What it means
The speaker asks the supreme god Ahura Mazda a series of direct questions about who is responsible for the fundamental workings of the universe. Who keeps the earth stable and stops the sky from collapsing? Who created water, plants, wind, and clouds? Who gave humans the capacity for good thinking? The questions are rhetorical, pointing toward one answer: a single wise creator behind all of nature and morality.
Relevance to Zoroaster
Zoroaster was a priest and religious reformer who broke from the polytheistic traditions of ancient Iran to preach worship of one supreme god, Ahura Mazda, the Wise Lord.

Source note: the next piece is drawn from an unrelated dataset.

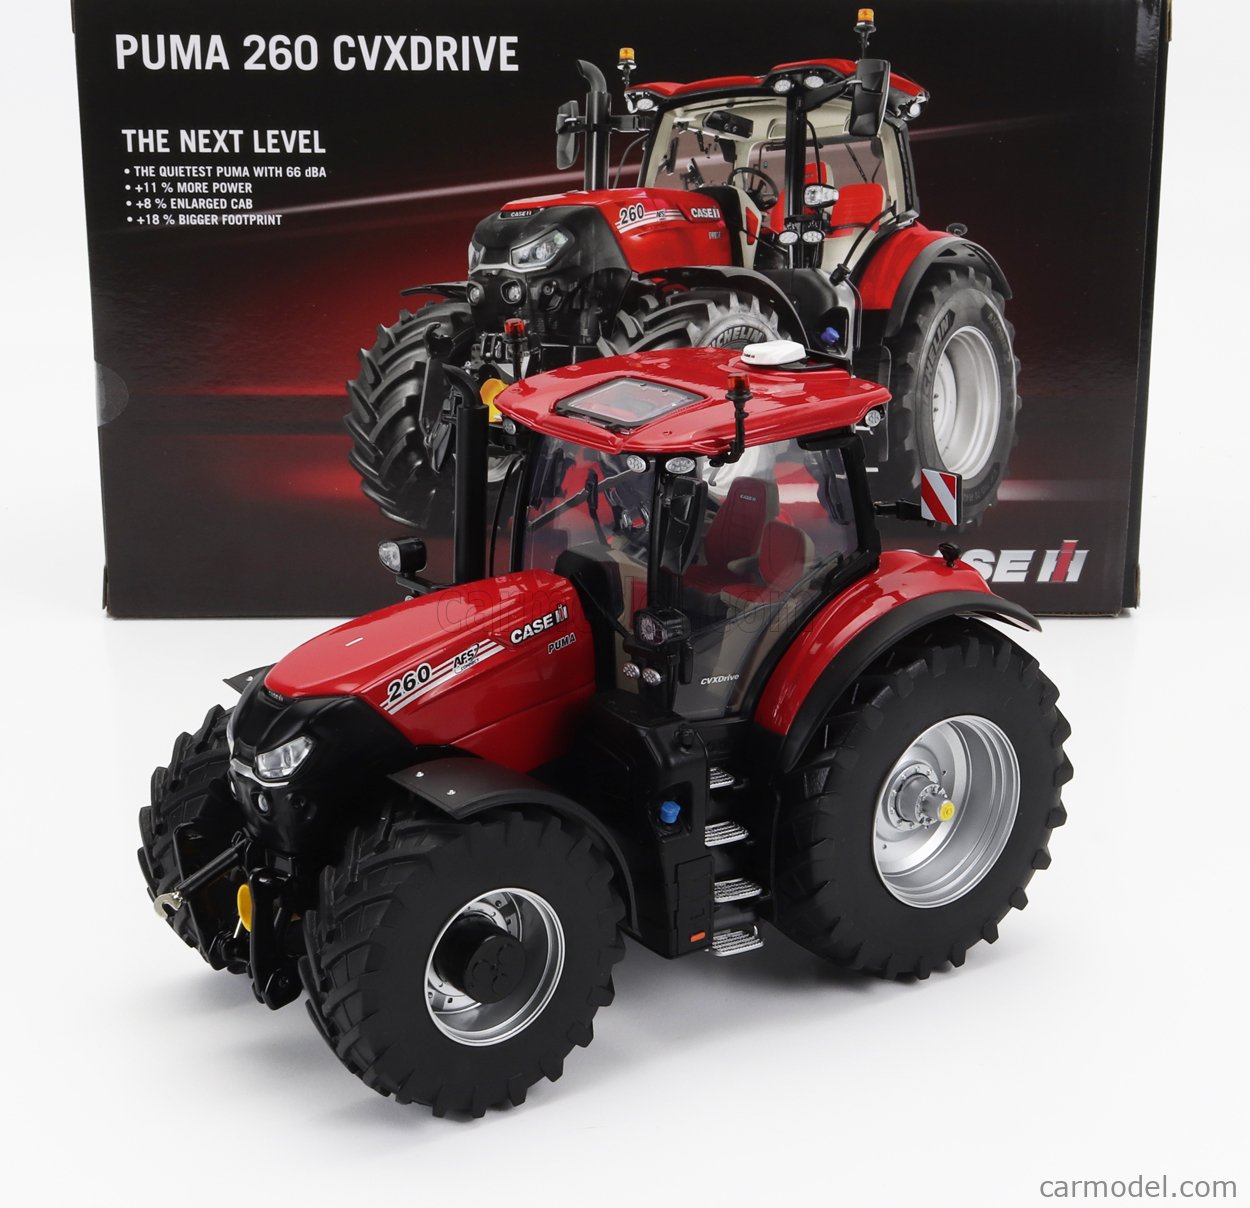 Universal Hobbies 1:32 Scale Case IH Puma 165 CVXDrive Red Tractor Diecast  Replica UH6449 - UNIVERSAL HOBBIES
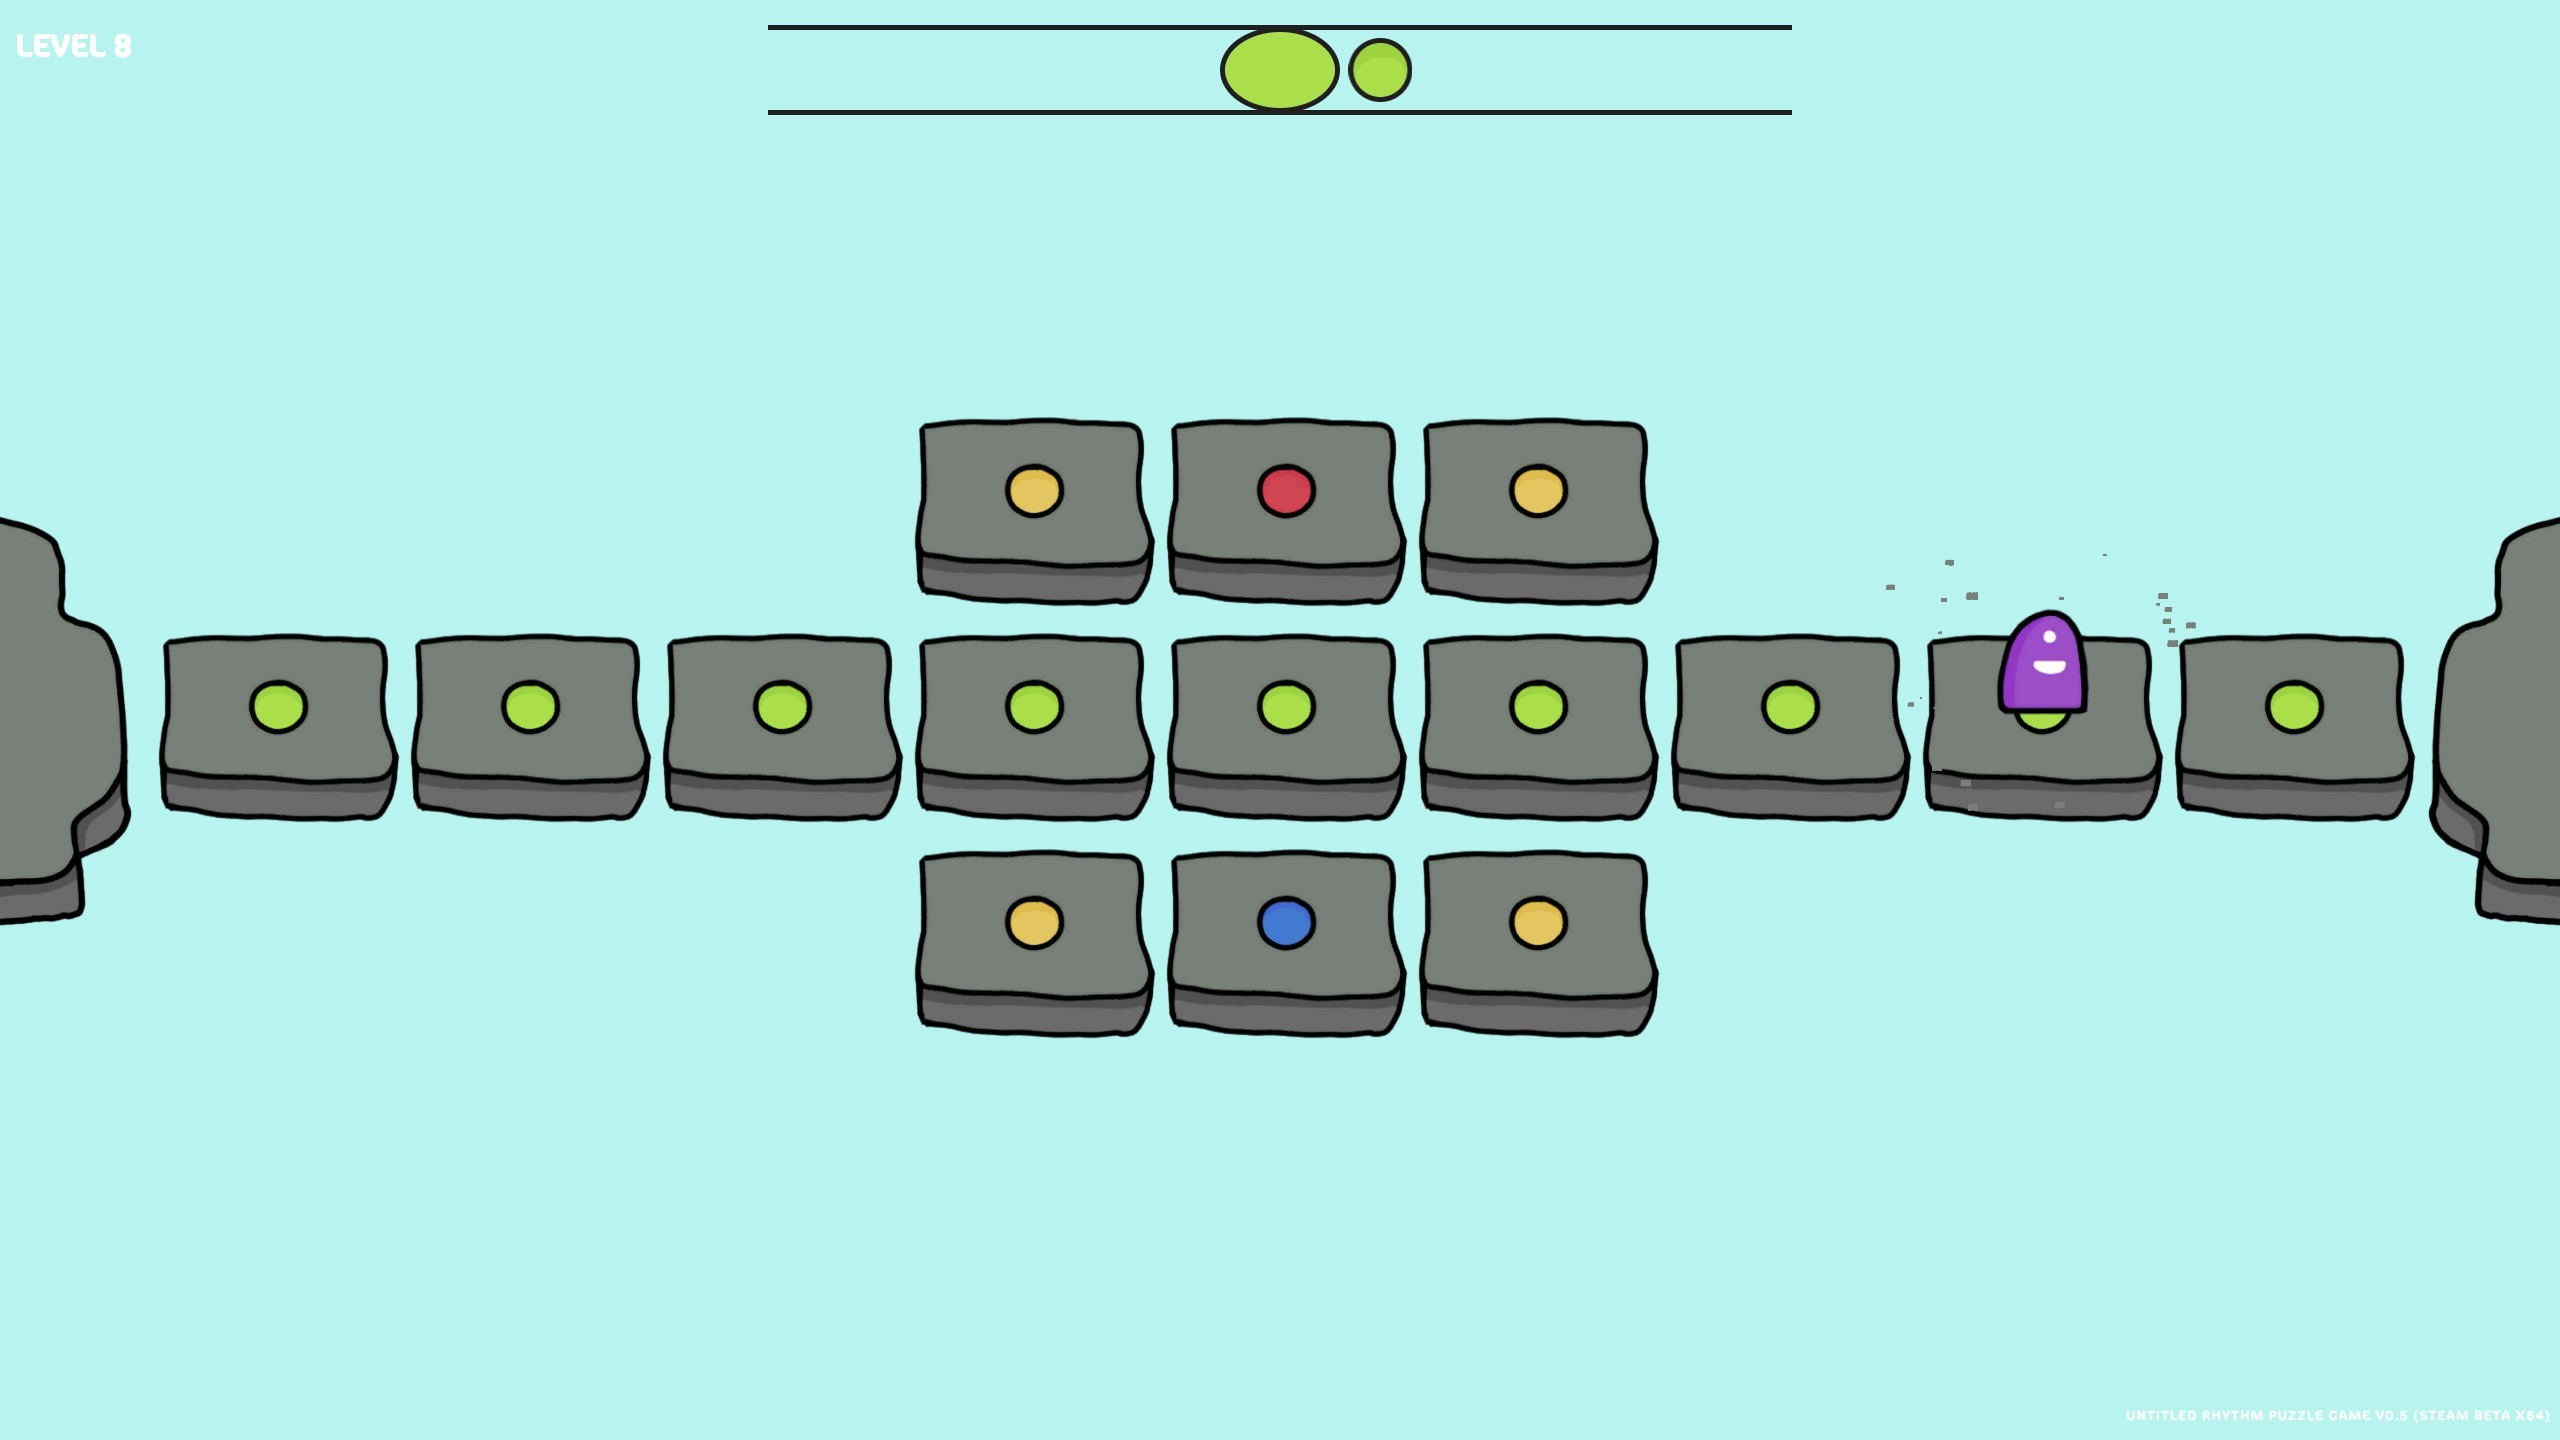 Untitled Rhythm Puzzle Game screenshot

These verses come from the Gathas, hymns he composed himself. The questioning style reflects his role as a prophet wrestling publicly with theology, and the emphasis on Good Thought (Vohu Manah) matches his doctrine that ethical cognition is central to serving the creator.
The era
Zoroaster lived in ancient Iran, likely between 1500 and 1000 BCE, among pastoral tribes worshipping many nature gods through animal sacrifice and ritual drink. Surrounding cultures accepted a crowded pantheon where different deities controlled earth, sky, water, and weather. By attributing all creation to one wise god and linking cosmic order to moral thought, Zoroaster was proposing a radical monotheistic and ethical framework centuries before similar ideas took hold elsewhere.